Personal information
- Full name: John Graham
- Date of birth: 23 February 1857
- Place of birth: Coylton, Scotland
- Date of death: 23 February 1927 (aged 70)
- Position(s): Half-back

Senior career*
- Years: Team / Apps / (Gls)
- 1883–1884: Annbank
- 1884–1890: Preston North End / 39 / (0)

International career
- 1884: Scotland / 1 / (0)

= Johnny Graham (footballer, born 1857) =

Scottish footballer

John Graham (23 February 1857 – 23 February 1927) was a Scottish professional footballer of the 1880s. He was a player for Preston North End from 1884 until 27 March 1890 when he retired because of an injury. He was a member of 'the invincibles'.

==Career==
Toughened by his job as a quarryman, Graham initially played with Annbank in the Ayrshire Football Combination, and won one cap for the Scotland national football team in 1884; his appearance was in Scotland'a first–ever British Home Championship match, played on 26 January 1884 at the Ulster Cricket Ground against Ireland – Scotland won 5–0. Graham is the only serving Annbank player to have been selected for international duty.

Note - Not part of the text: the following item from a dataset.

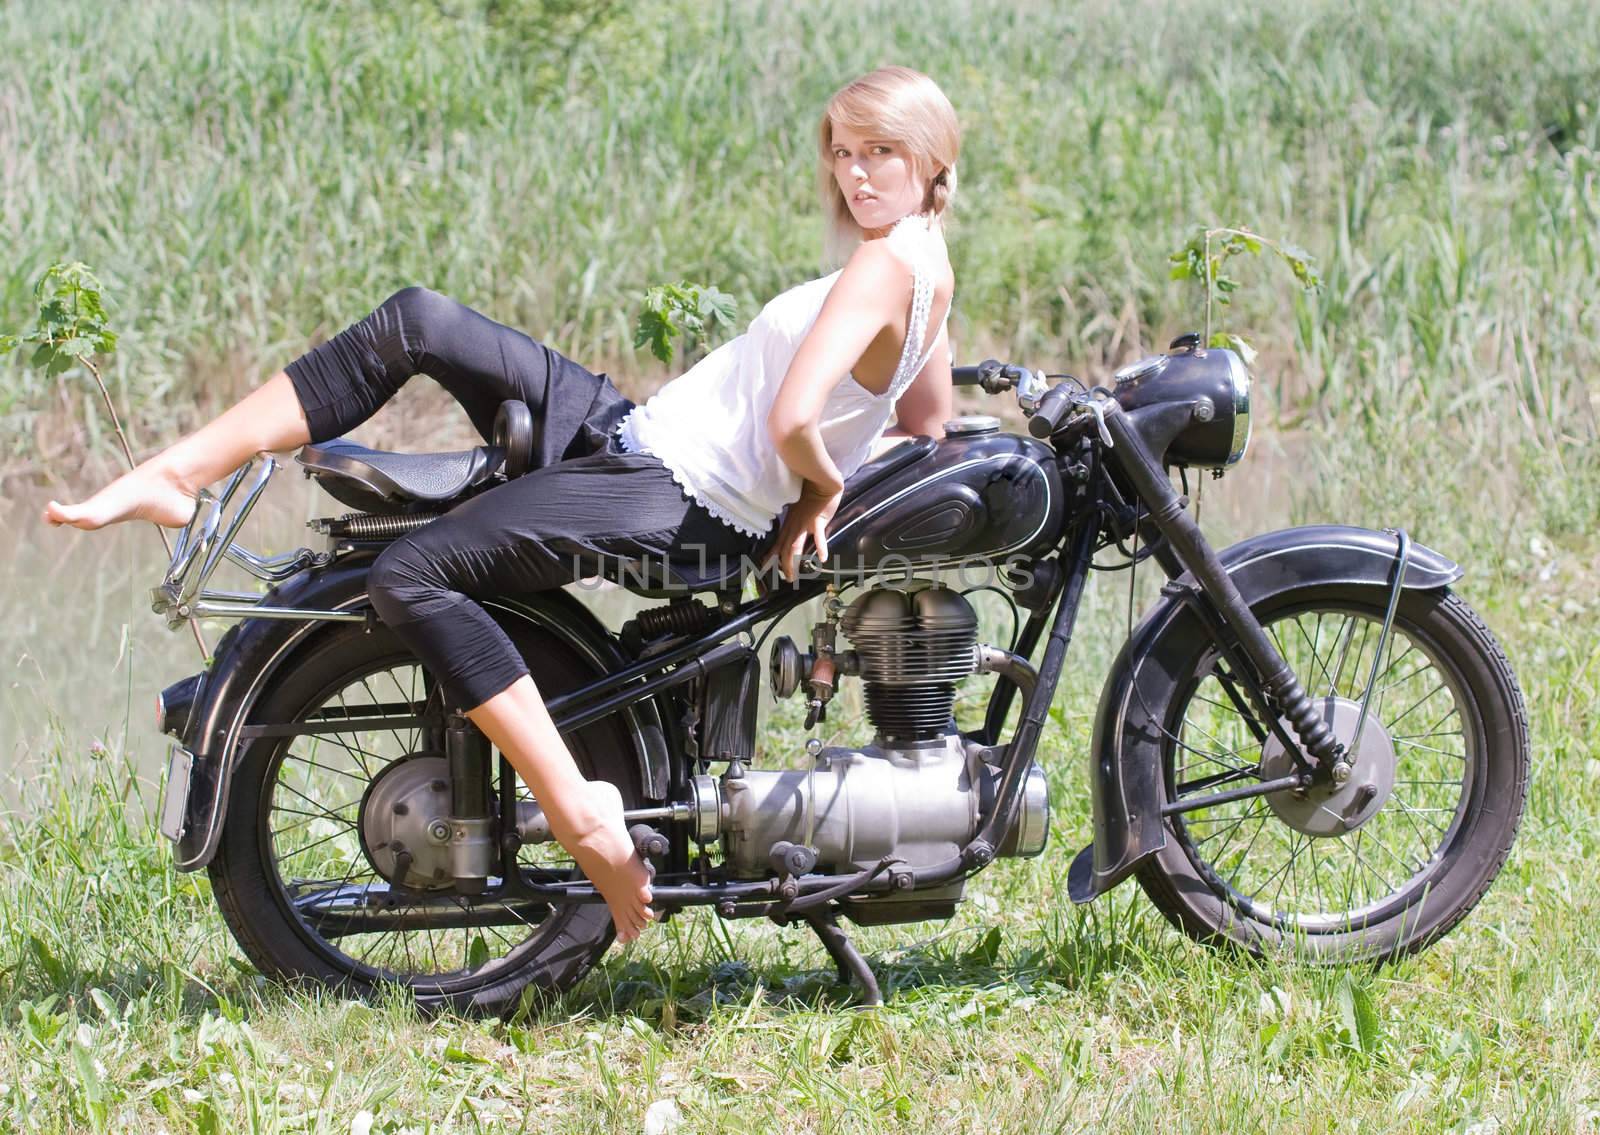 Young woman on motorcycle by STphotography

He joined Preston North End in season 1884–85 (moving to England discounted him from further Scotland caps at that time), and played in the 1888 FA Cup Final against West Bromwich Albion at Kennington Oval on 24 March 1888. North End lost 2–1. Graham made his Football League debut on 8 September 1888 at wing-half for Preston against Burnley at Deepdale; Preston won 5–2. On his debut he was the oldest player in the competition, although one week later Joe Beverley of Blackburn Rovers took this distinction. When Graham played as a wing-half on 6 October 1888 against Stoke, he was 31 years 226 days old; that made him, on that fifth weekend of League football, Preston North End's oldest player. Graham played in all of Preston's 22 League Championship matches, and also played in all five FA Cup ties including the semi–final and the final. The 1889 FA Cup Final was played at Kennington Oval on 30 March 1889 and the opponents were Wolverhampton Wanderers. Preston won 3–0 to secure the double without losing a match. During the 1888–89 season his brother Willie also played for Preston.

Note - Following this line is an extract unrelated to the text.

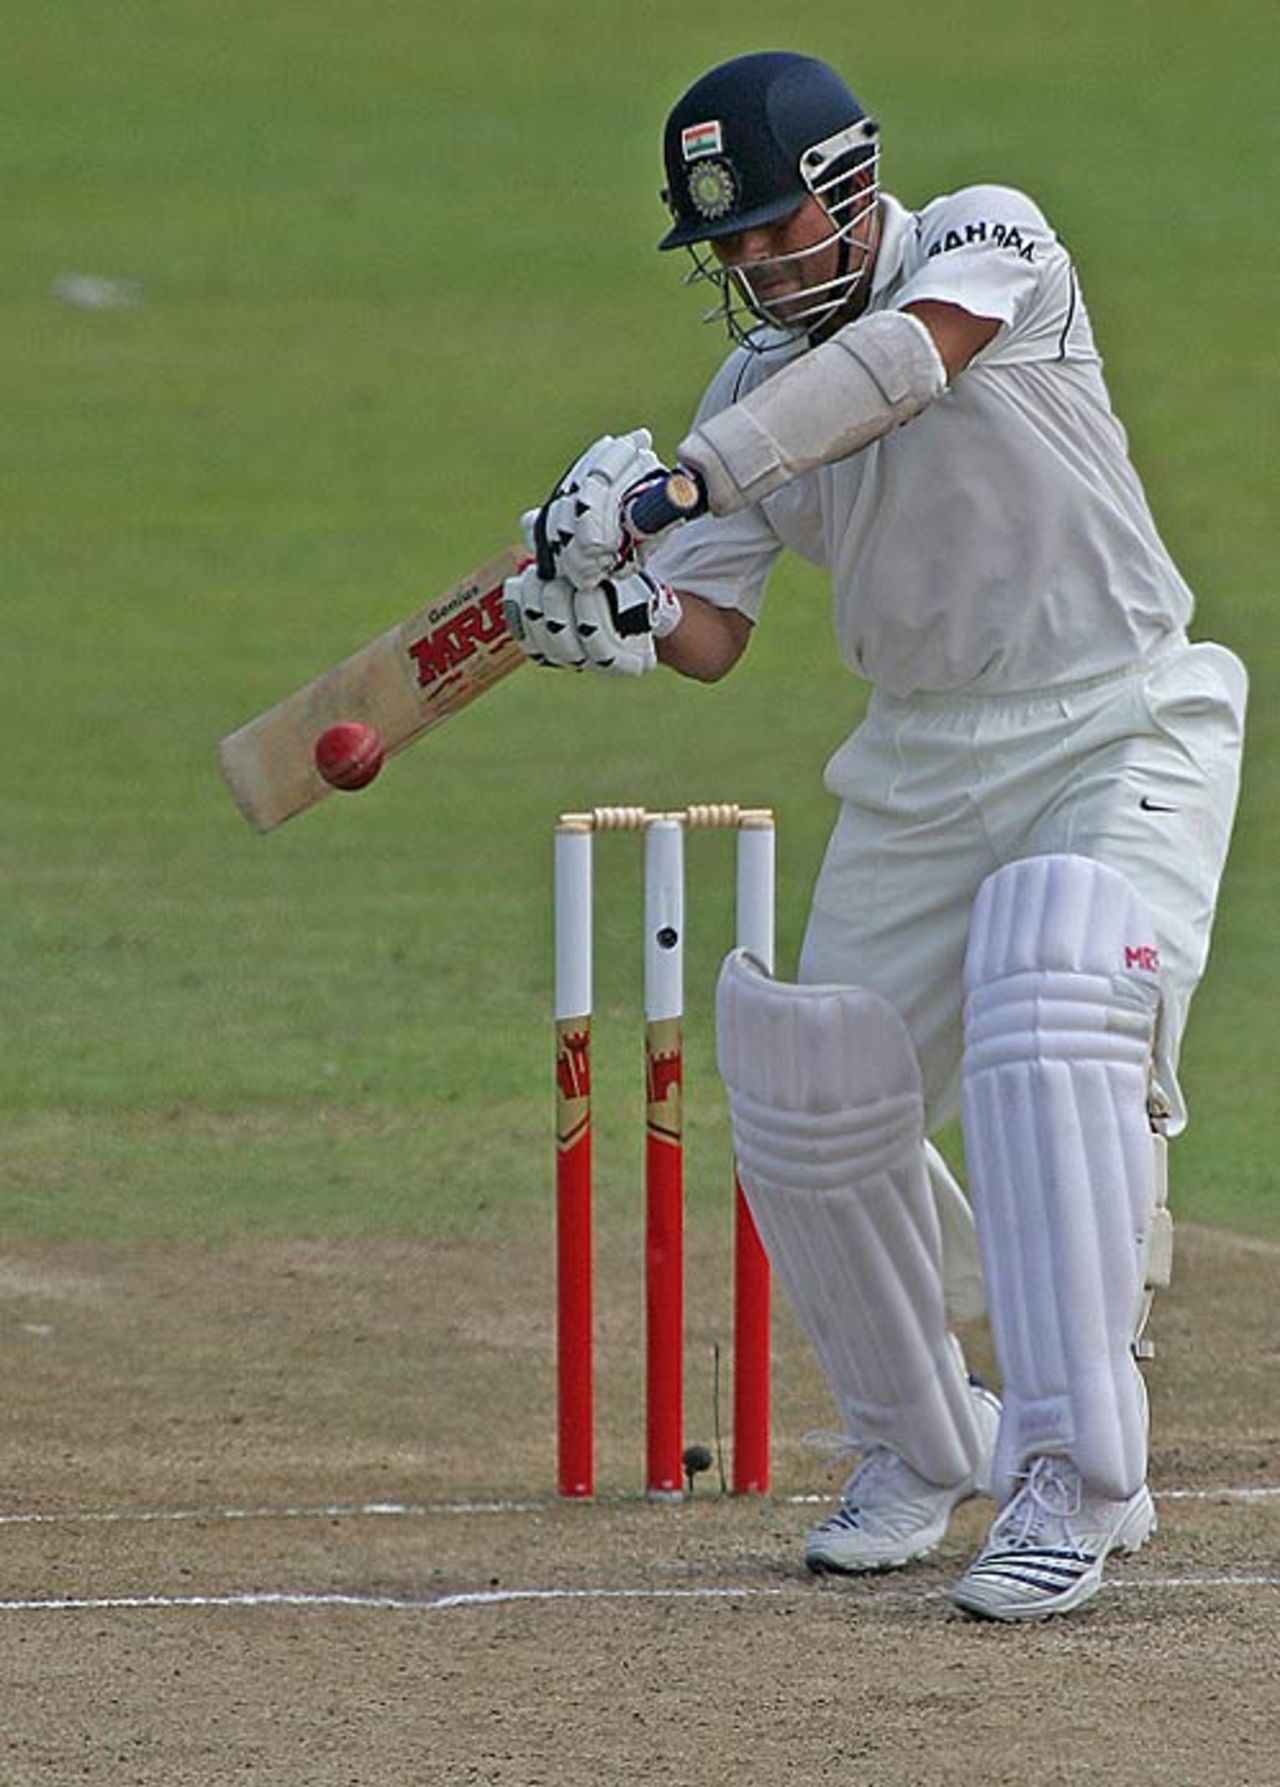 Sachin Tendulkar gets in position to slice one past point, South Africa v India, 2nd Test, Durban, 2nd day, December 27, 2006

Graham played in 17 League matches during the 1889–90 season as he won his second Championship medal. Towards the end of that season his football career was ended when he suffered a broken collarbone in a game. Though he never got on the score sheet for North End during their League days, he did create a number of goalscoring opportunities for the likes of John Goodall and Jimmy Ross with his long throws. He died on his 70th birthday.